What a sweet story! She is adorable.


----------



## MaddiesMom (Apr 1, 2007)

Amy- Your daughter is adorable and your story so cute!


----------



## Rita (Jan 1, 2007)

Amy. Violet is so adorable. Love the story. Don't we all want to be "NEW" some days. LOL


----------



## ama0722 (Nov 28, 2006)

She is adorable and sounds even cuter in preson! 

I love cute glasses too! I have a new pair that they are black but have pink insides- DH made fun of htem but everytime I wear them I get so many compliments that they flatter my skin tone (pasty!)


----------



## RikiDaisyDixie (Apr 15, 2008)

*I want to be new too*

Yep. Your daughter is right. I want to be new too.
I look in the mirror at 52 and have no clue who is staring back in the mirror!

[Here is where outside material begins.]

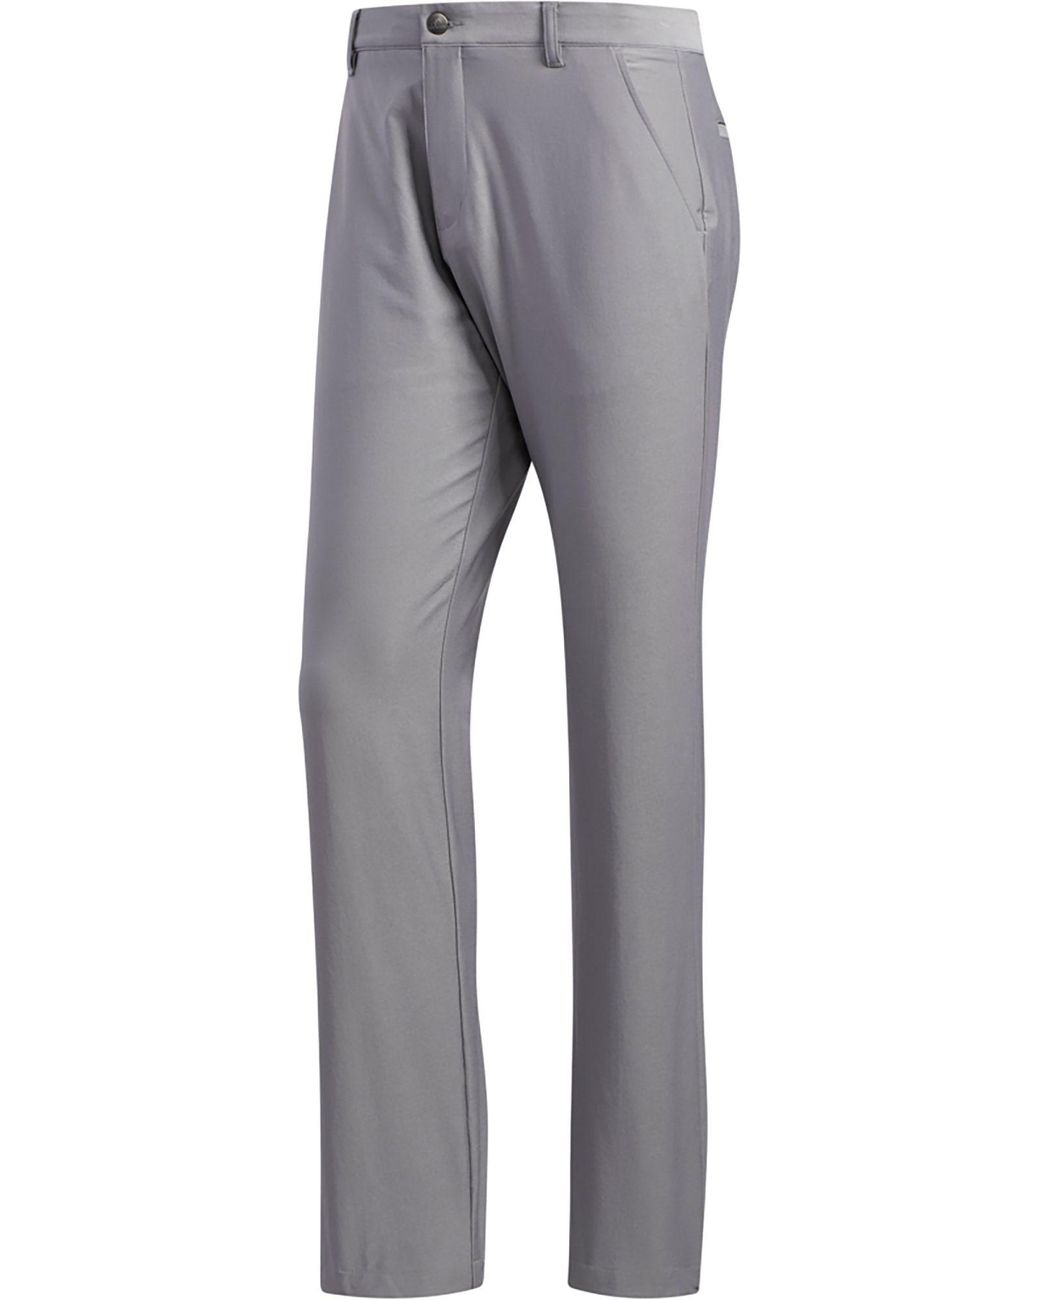 adidas Ultimate365 Classic Golf Pants in Gray for Men - Lyst

Thank goodness the dogs still think I am cute!
Linda


----------



## JASHavanese (Apr 24, 2007)

Violet sounds like a doll!!! Wait till she tells you she's not going to celebrate another birthday because she's so old......uh huh then what does that make us?


----------



## JanB (Oct 26, 2007)

Amy, cute, cute, cute! Both the story and Violet 

I have a journal of cute things my kids said and did. Now at 19 and 22 they still love to read it and laugh. When my DD turned 5 she asked me when I was going to be five again. No death for her, she thought at a certain age you started going backward and started all over again ound:


----------



## Posh's Mom (Dec 20, 2007)

Jan that is a great story about your daughter.

I fear Violet knows too many dogs and "older" people that have died because they have become "old." Perhaps, this is her fear. She is coping better with the whole four thing now!


----------